Archive for August, 2007

What I miss about pastry school

Posted in Uncategorized on August 13th, 2007 by chef_elizabeth – Comments

BREAD

What comes to mind for you when I say “bread”? Visions of fluffy, flavorless wonderbread spread with peanut butter and jelly? Or, perhaps, does bread and all of its carbohydrates conjure up something forbidden, even evil for you – has the deceased Dr. Atkins truly brainwashed you? Everything in moderation, my friend and, for me at least, when I think of bread and, certainly, when I choose to indulge in bread, it is something dense, flavorful and wonderful – something to be savored and not fluff to be inhaled.

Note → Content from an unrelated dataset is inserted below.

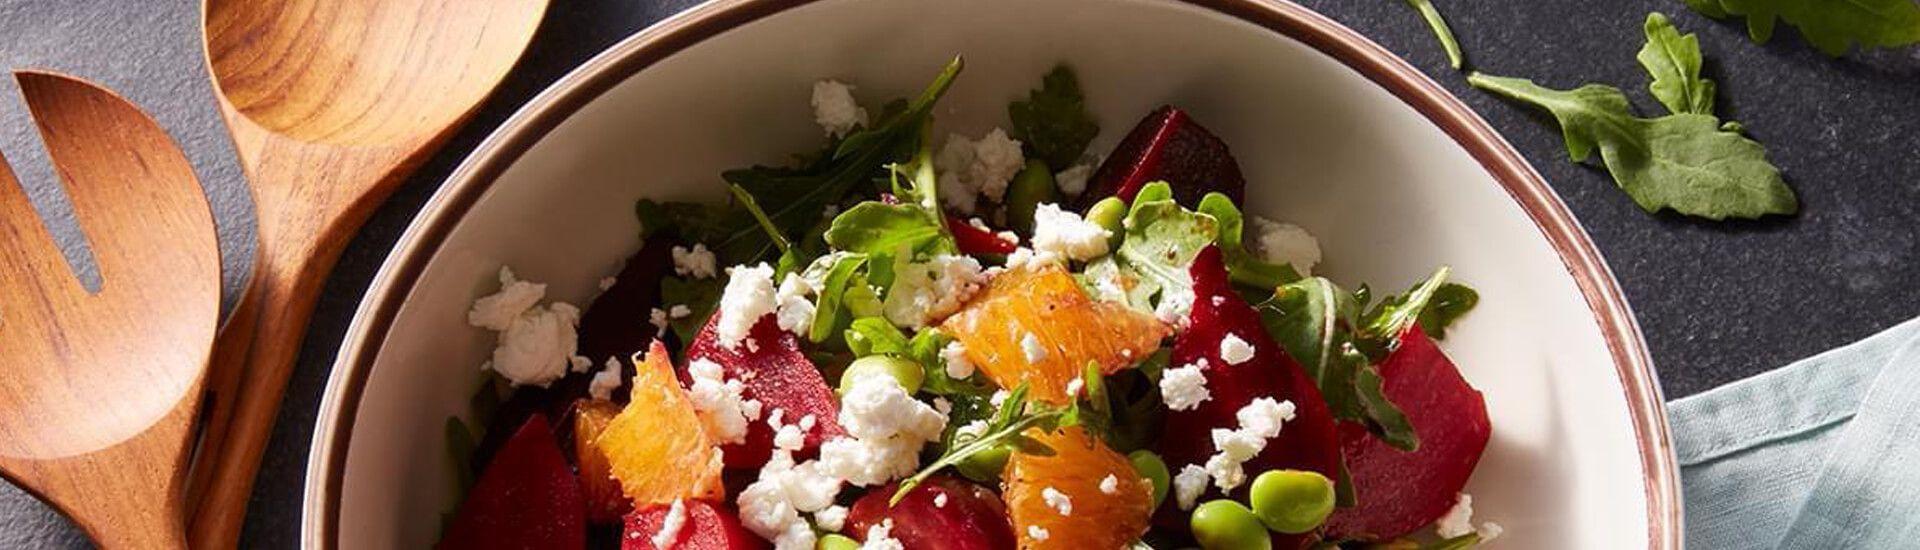 Beet Salad with Orange, Edamame and Goat Cheese

Sure not all breads are meant to be the same. Take brioche, for instance – it is buttery, light and wonderul served warm with butter and jam. But for me this is not “bread” – this is brioche! The same can be said for American-style breads. My own secret guilty diet-breaker? Potato bread, warmed but not toasted, smothered with butter and gobs of Nutella. But enough of that…I speak of real bread.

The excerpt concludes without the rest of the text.